Having created these 60 million extra deaths at their own sweet will out of nothing, the authors then proceed to allocate them over the years 1953 to 1964, arbitrarily attributing a higher portion to the great leap years in particular. The arbitrariness is clear from the variation in their own manipulations of the figures. Coale’s allocation raises his peak death rate in 1960 to 38.8 per thousand while Banister is bolder and raises it to 44.6 compared to the official 25.4 for that year, and 30 million ‘famine deaths’ are claimed over the Great Leap years after all this smart legerdemain. Having violated every tenet of reason, these ‘academics’ may as well have allocated all their imaginary deaths to the Great Leap years and claimed that 60 million died — why hang themselves only for a lamb rather than for a sheep! Seldom have we seen basic norms of academic probity and honesty being more blatantly violated, than in this travesty of statistical ‘estimates.’ And seldom have noted intellectuals, who might have been expected to show more common sense, shown instead more credulous naïveté and irresponsibility, by accepting without investigation and propagating such nonsensical ‘estimates,’ giving them the status of historical fact. In the process, they have libelled and continue to libel Mao Zedong, a great patriot and revolutionary. They have unwittingly confirmed the principle attributed to Goebbels — that a lie has to be a really big lie and be endlessly repeated; then it is bound to be believed.

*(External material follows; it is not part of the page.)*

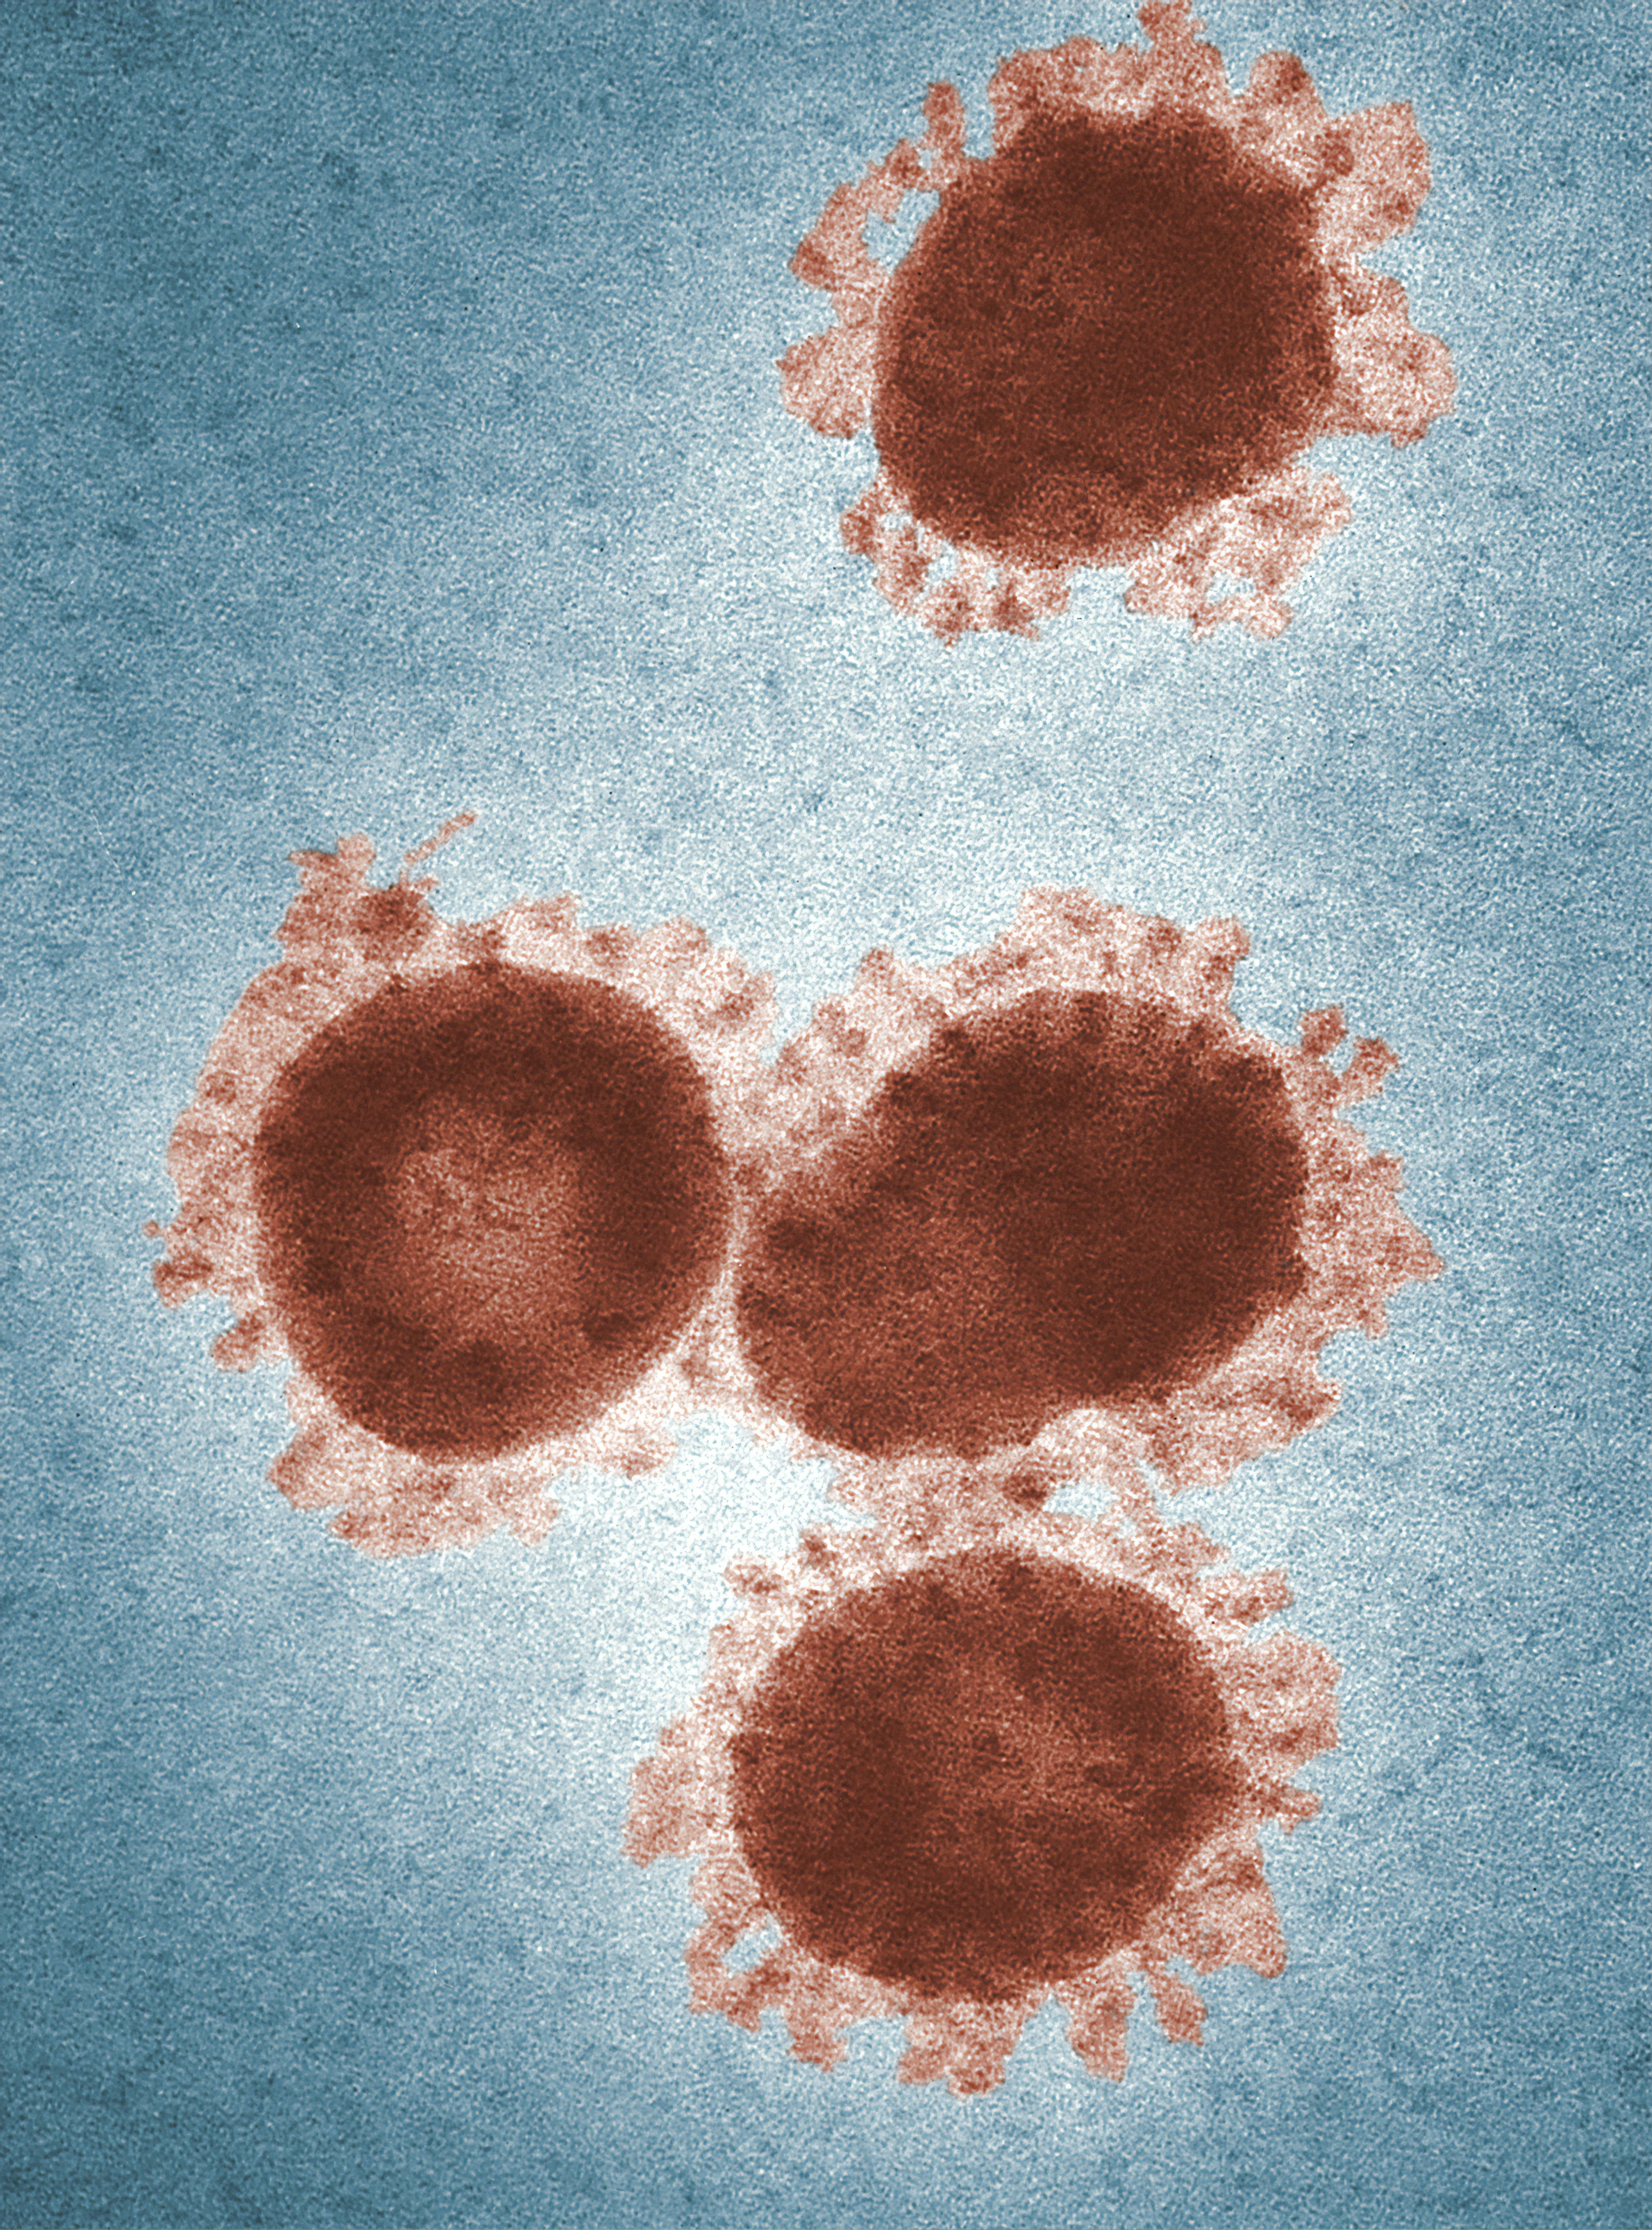 La immunitat al coronavirus podria durar més de sis mesos, segons un estudi

Thirty million or three crores is not a small figure. When one million people died in Britain’s colony, Ireland, in 1846-47, the world knew about it. When three million people died in the 1943-44 Bengal famine, the fact that a famine occurred was known. Yet 30 million people are supposed to have died in China without anyone knowing at that time that a famine took place. The reason no one knew about it is simple, for a massive famine did not take place at all. The intellectuals who quote the massive famine deaths figure of 30 million today are no doubt outstandingly clever in the small, im kleinen, but are proving themselves to be rather foolish im grossen, in the large. A person has to be very foolhardy indeed to say that 30 million people died in a famine without anyone including the foreign diplomats in China and the China-watchers abroad having the slightest inkling of it. And those who credulously believe this claim and uncritically repeat it show an even greater folly than the originators of the claim.